**MATERIAL PROVIDED**:

=== Section Start ===

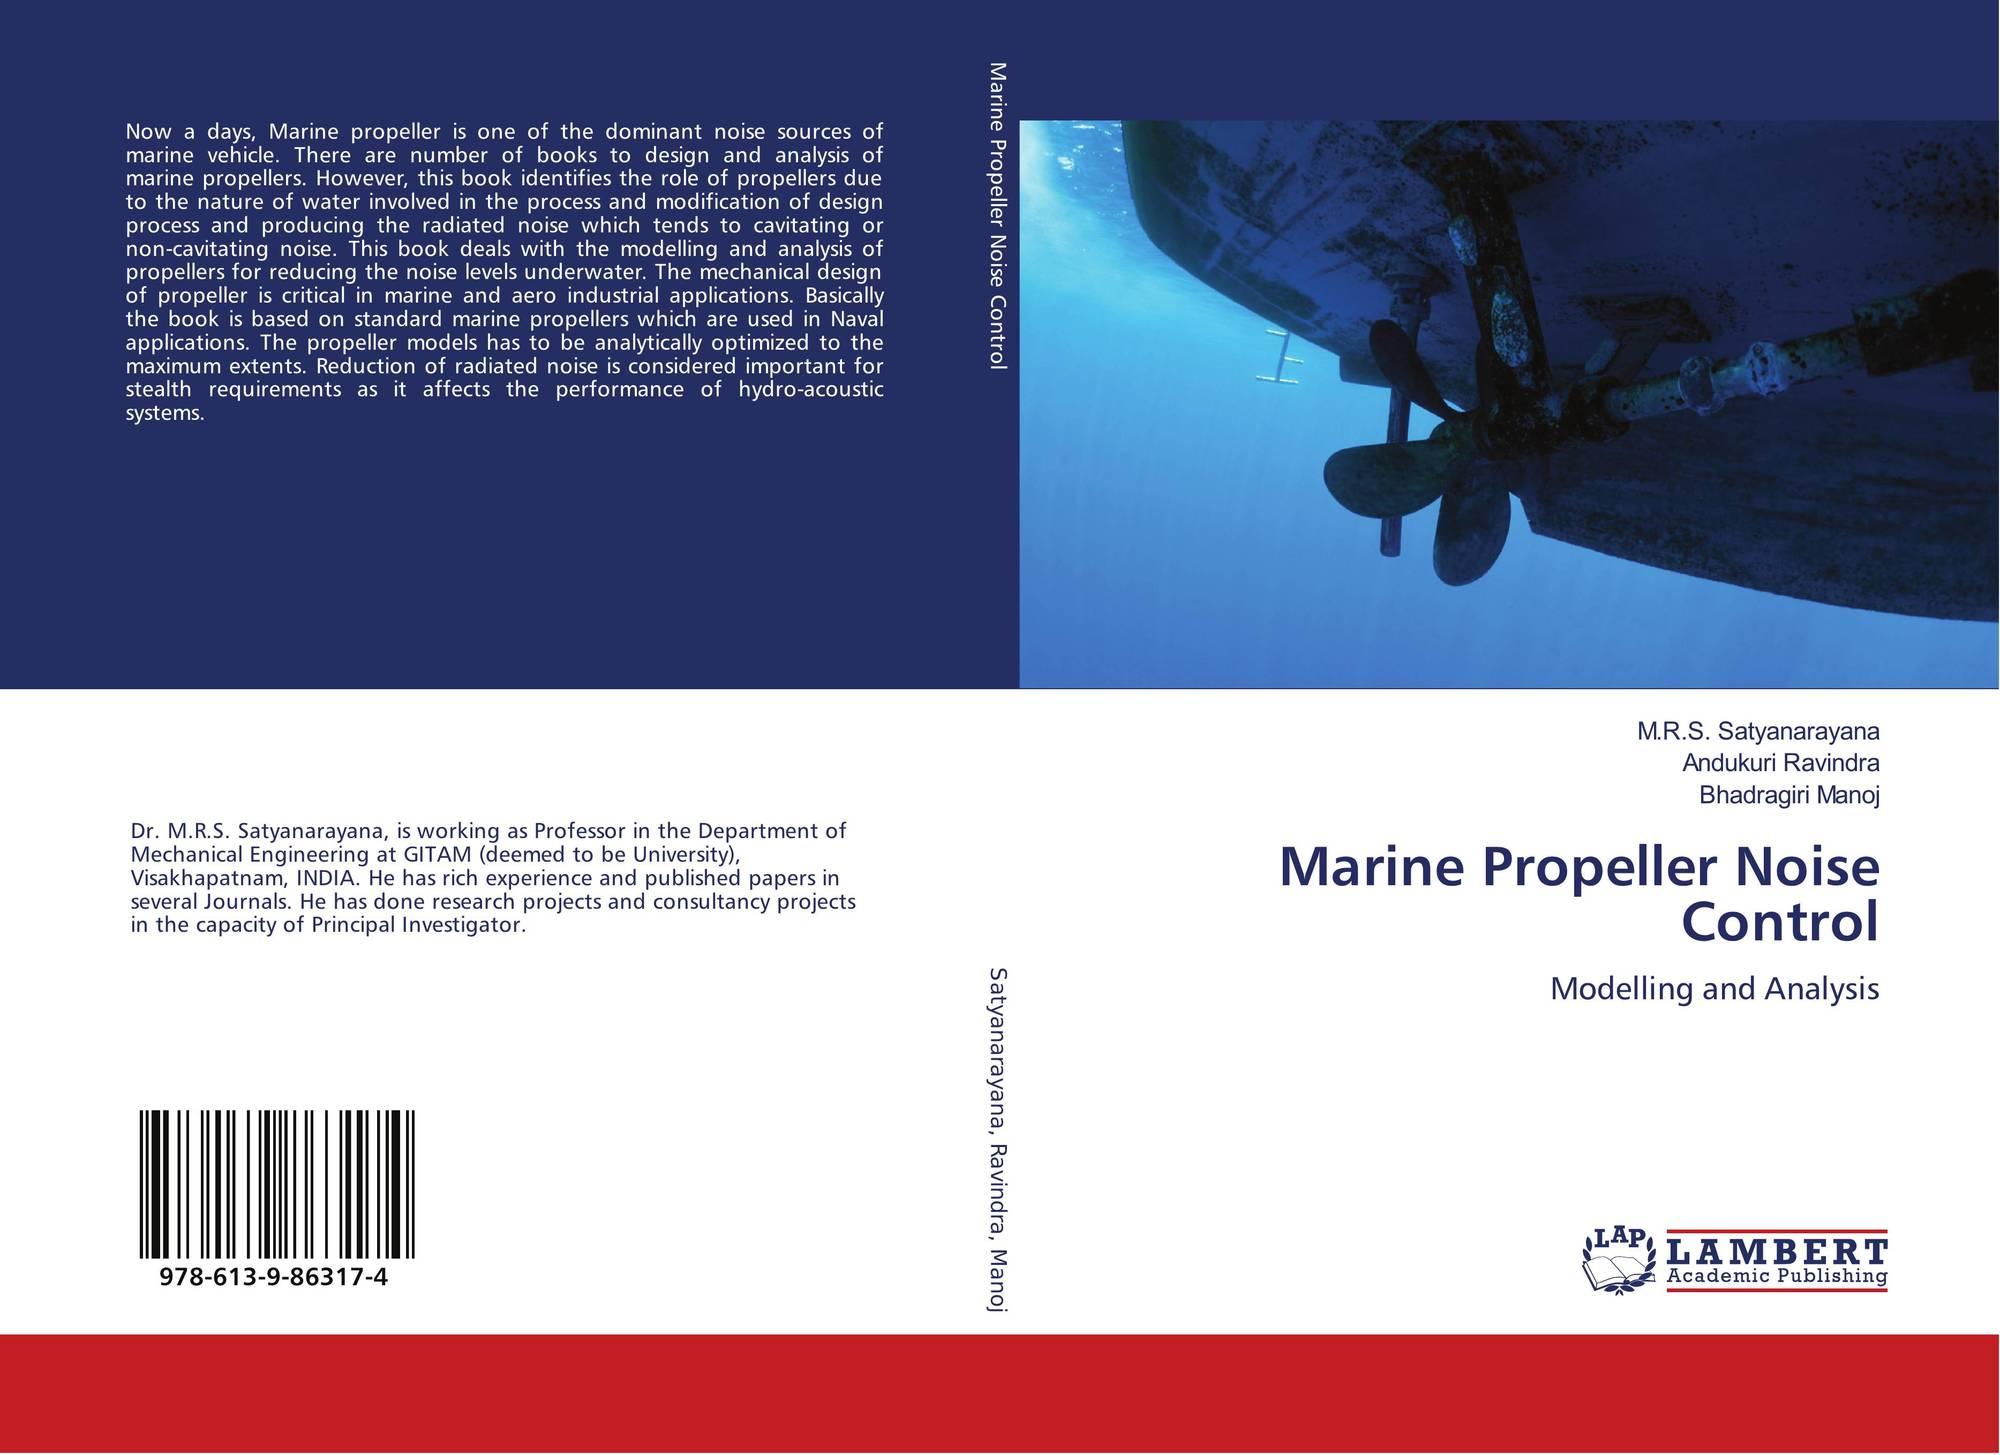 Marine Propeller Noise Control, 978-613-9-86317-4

=== Section End ===
=== Section Start ===

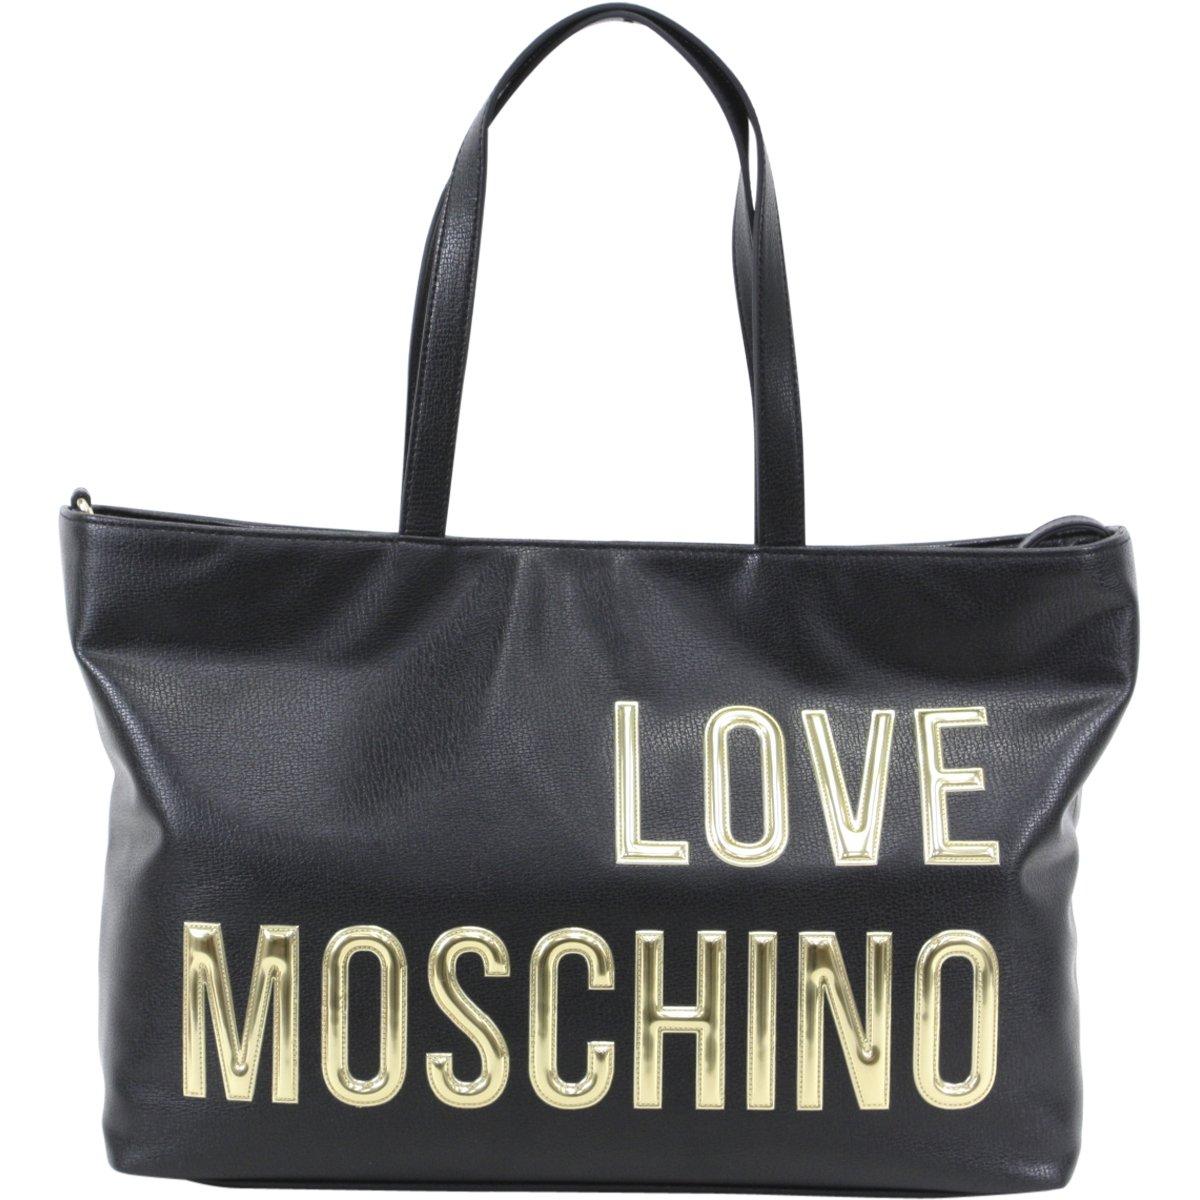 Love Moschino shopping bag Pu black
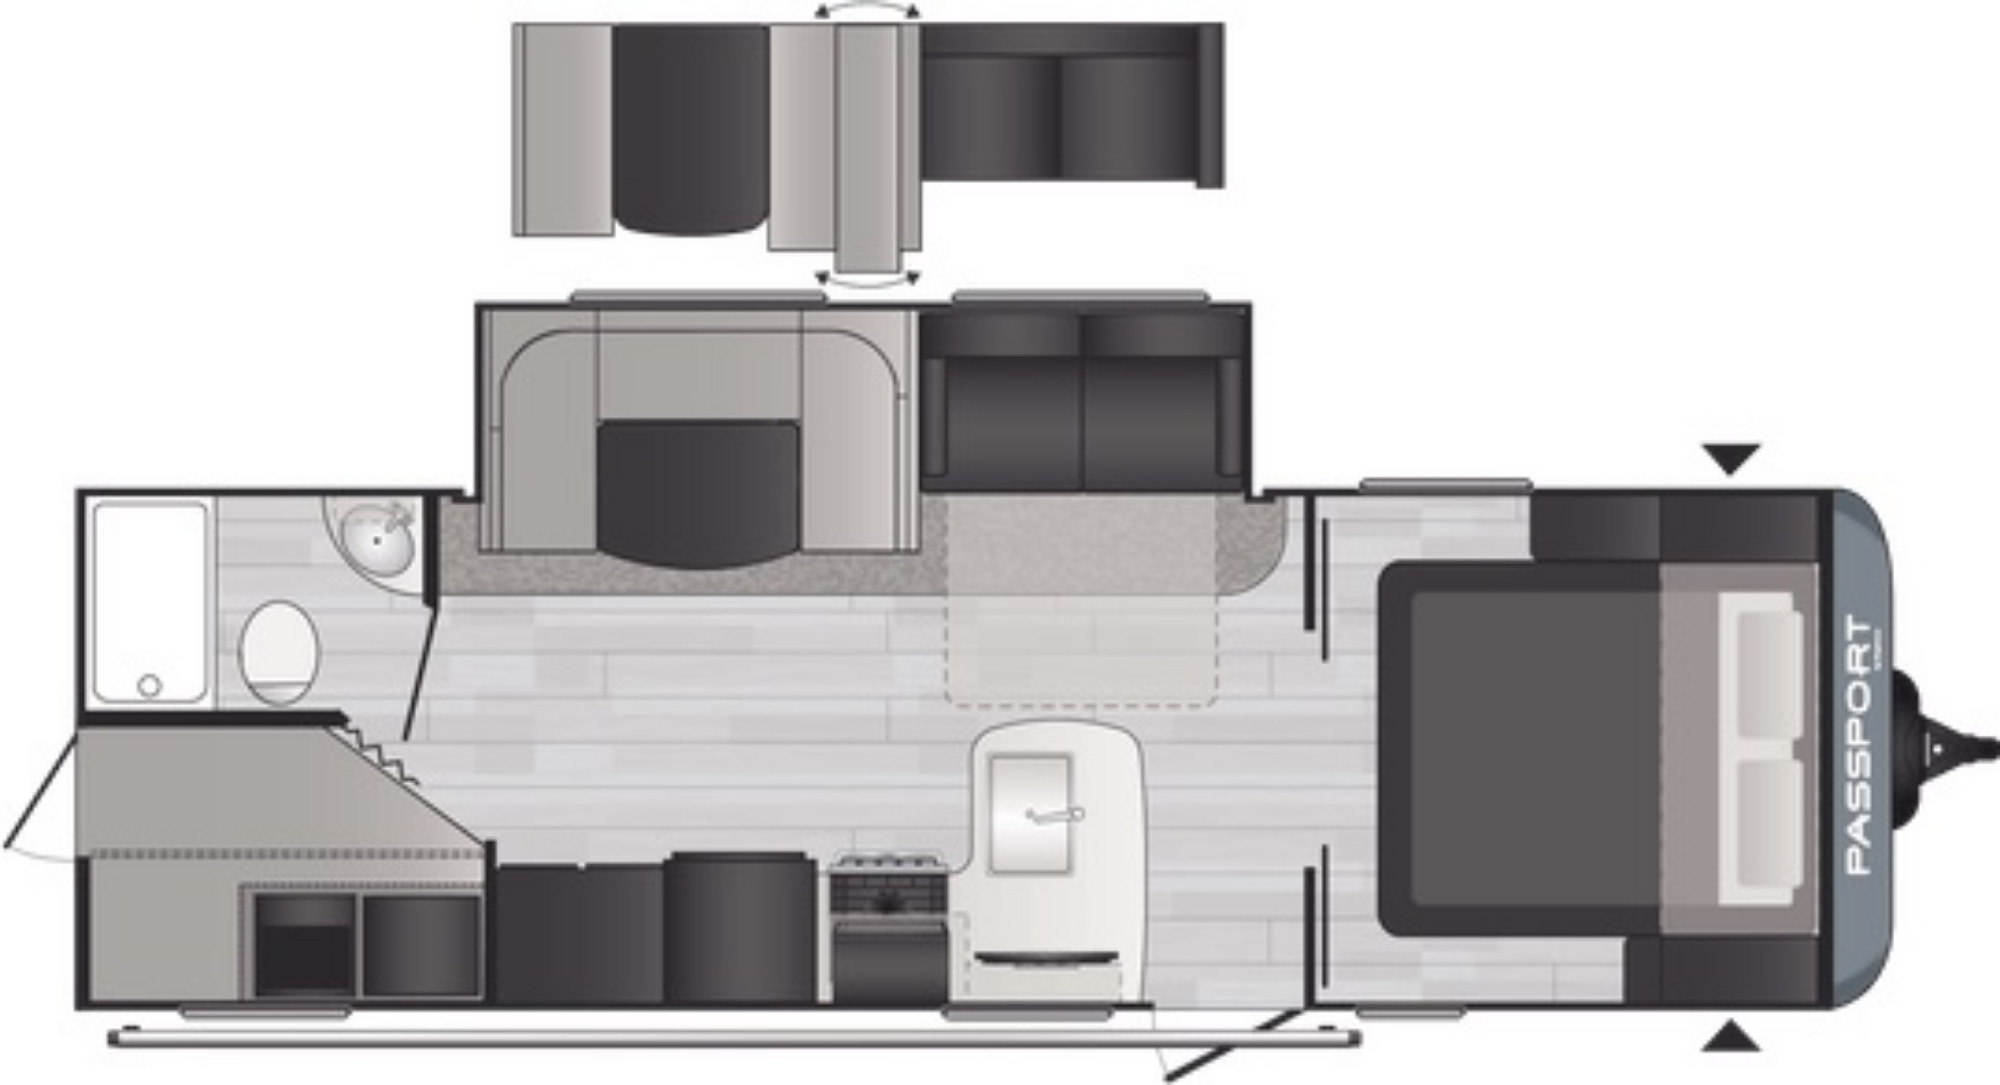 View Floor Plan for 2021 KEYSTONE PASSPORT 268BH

=== Section End ===
=== Section Start ===

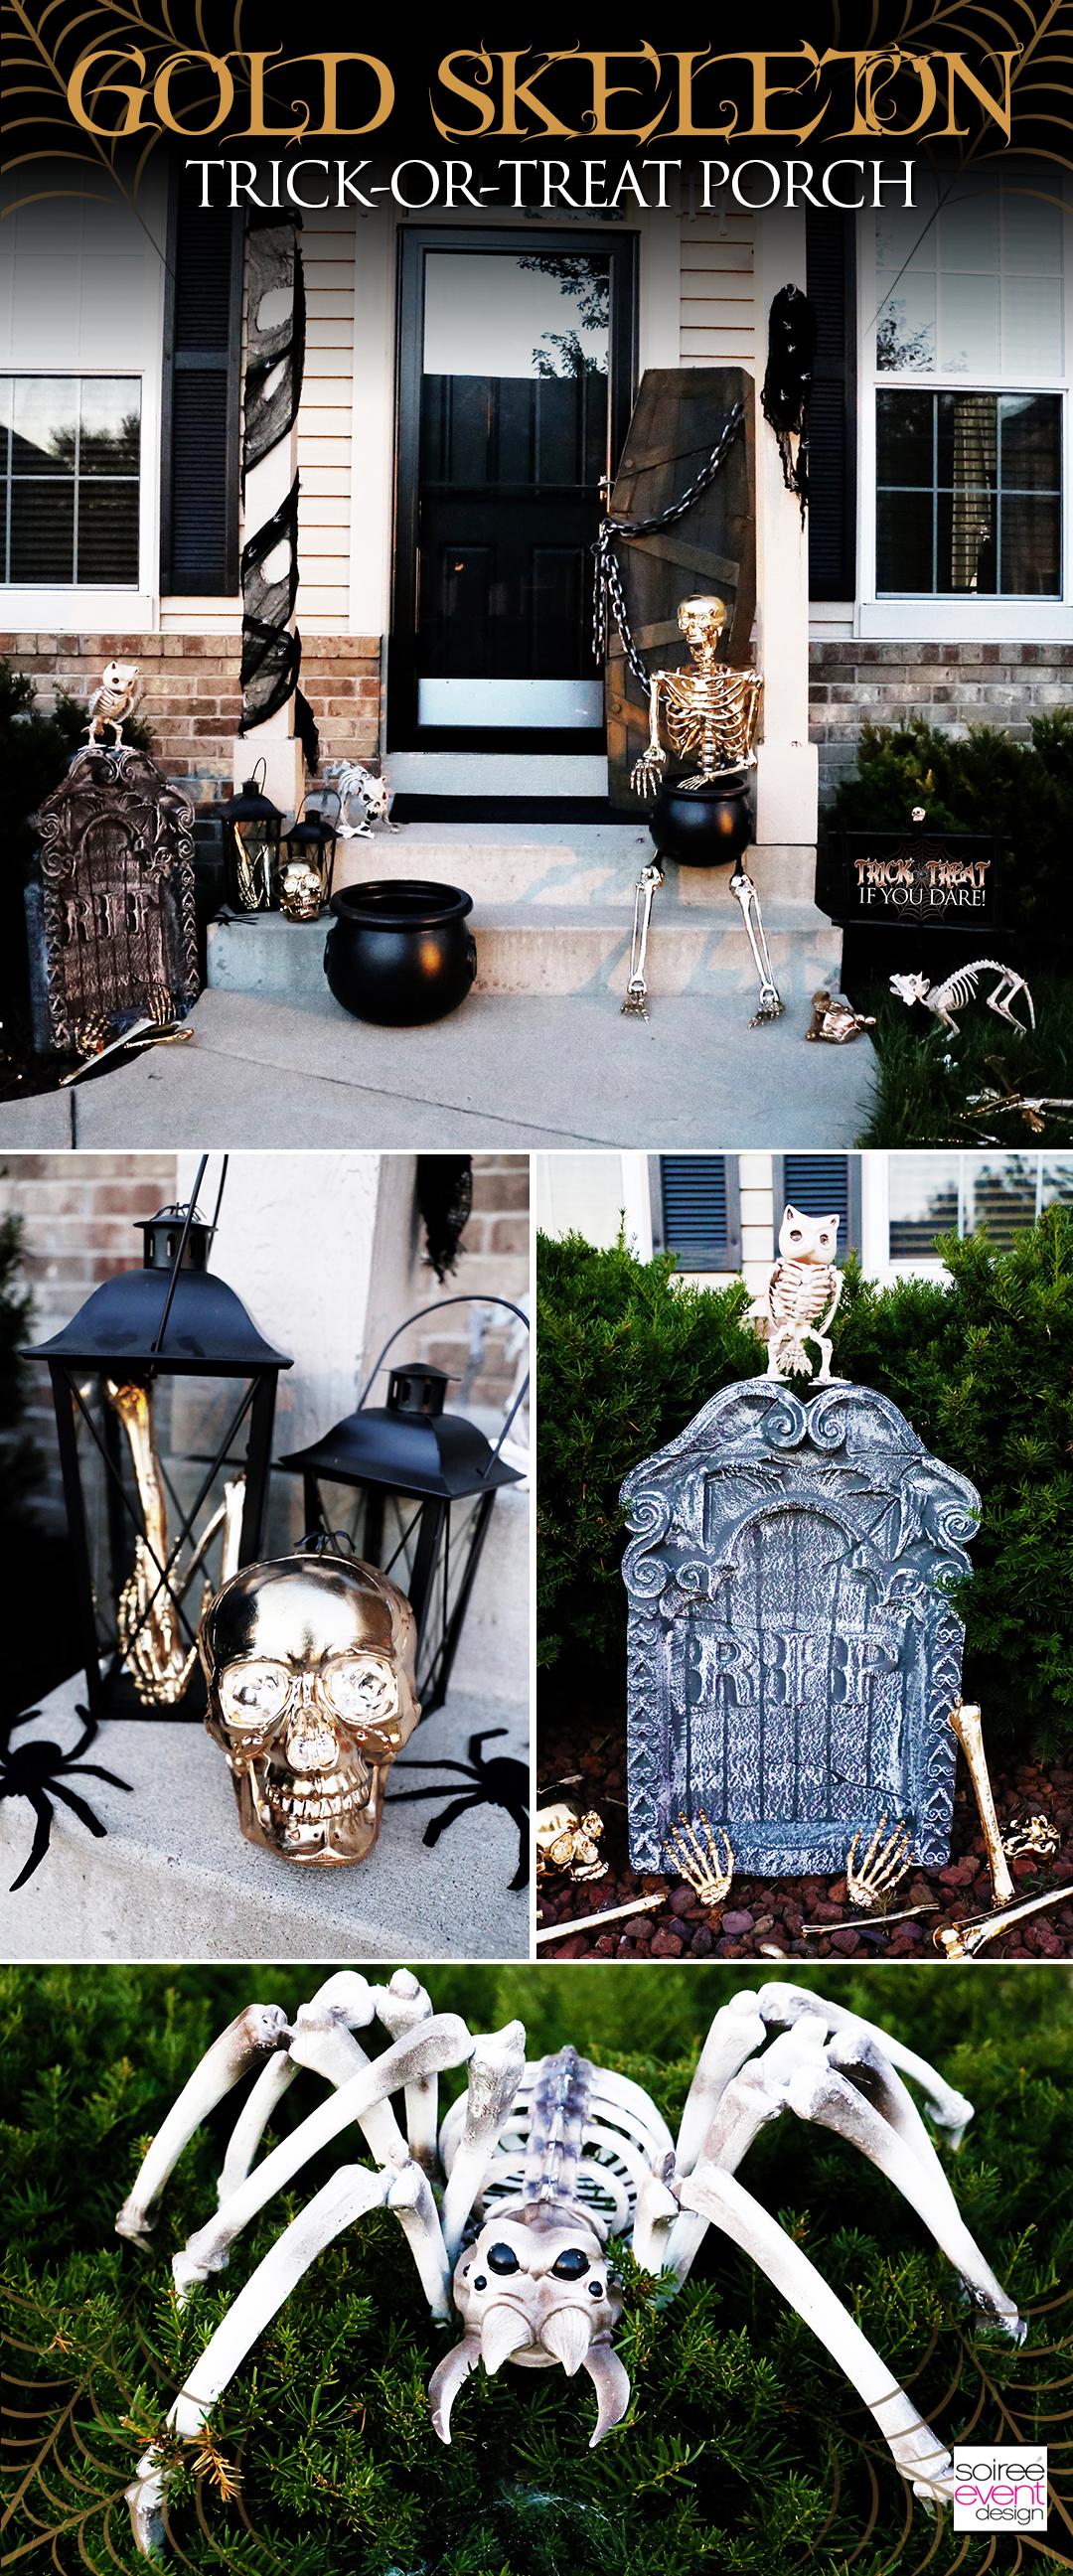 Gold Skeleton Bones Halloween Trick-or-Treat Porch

=== Section End ===

**TASK OBJECTIVE**: Please copy out from the data above, without any picture, exactly the lines running from the one that holds "Love Moschino shopping bag Pu black" through the one that holds "View Floor Plan", and nothing beyond them.

**SOLUTION FOR THIS PROBLEM**:
 Love Moschino shopping bag Pu black
 View Floor Plan for 2021 KEYSTONE PASSPORT 268BH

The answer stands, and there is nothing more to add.